DATA FOR ANALYSIS
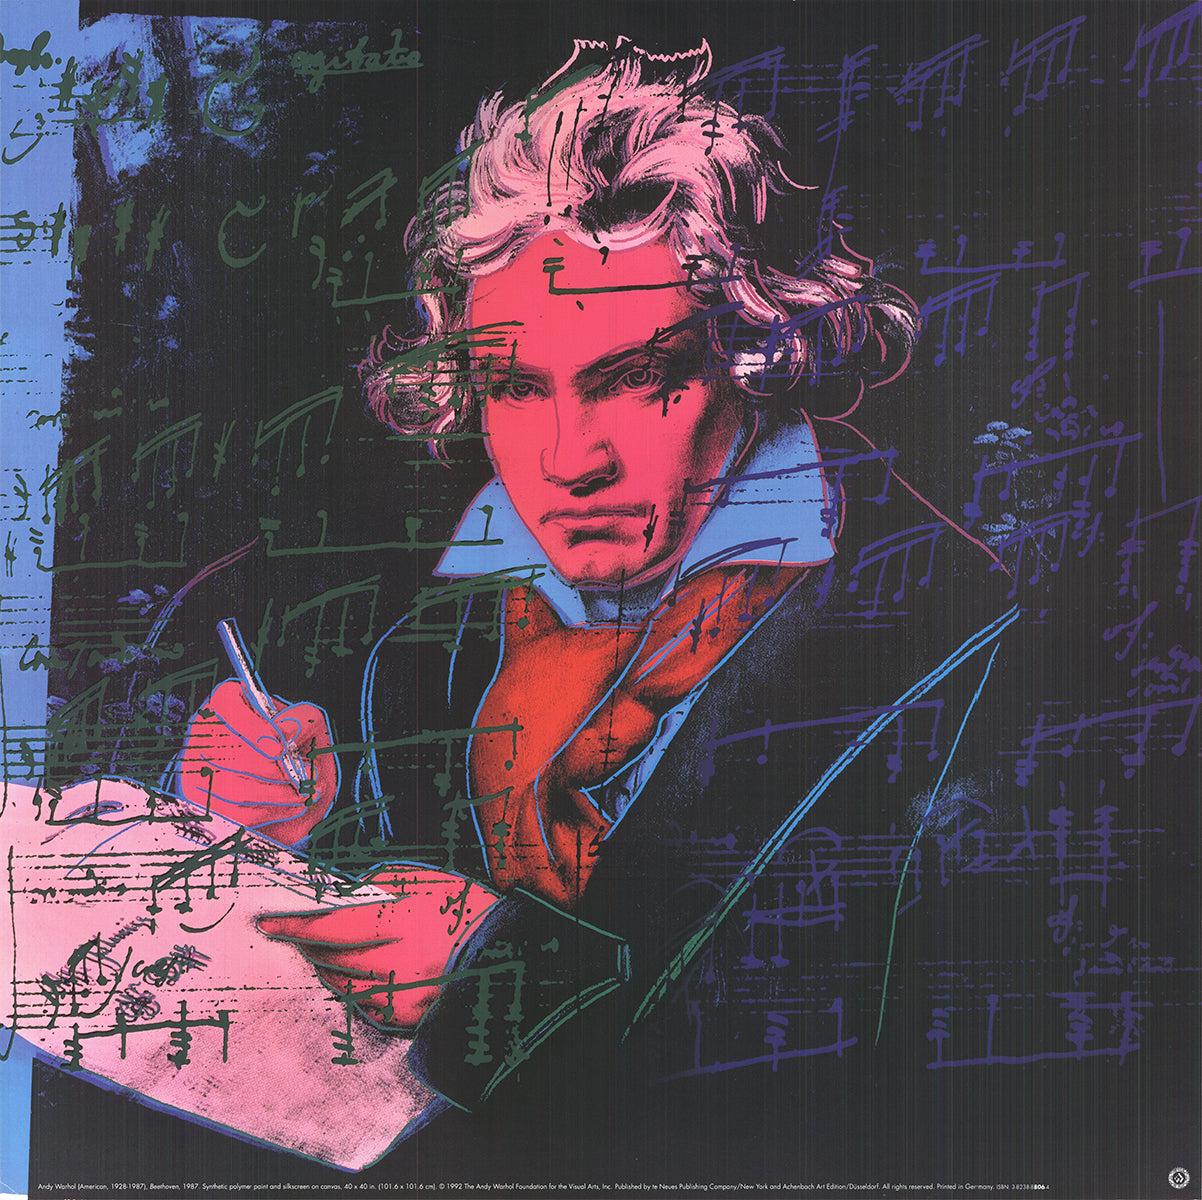 Paper Size: 23.25 x 23.25 inches ( 59.055 x 59.055 cm )
Image Size: 23.25 x 23.25 inches ( 59.055 x 59.055 cm )
Framed: No
Condition: A: Mint
Additional Details: Beethoven Pink by Andy Warhol, printed in 1992, published by Te neues Publishing in

ASSIGNMENT
Each of the lines from the one holding "Image Size: 23.25" through the final line of the entries is to be set down exactly, and no others.

PROBLEM SOLUTION
Image Size: 23.25 x 23.25 inches ( 59.055 x 59.055 cm )
Framed: No
Condition: A: Mint
Additional Details: Beethoven Pink by Andy Warhol, printed in 1992, published by Te neues Publishing in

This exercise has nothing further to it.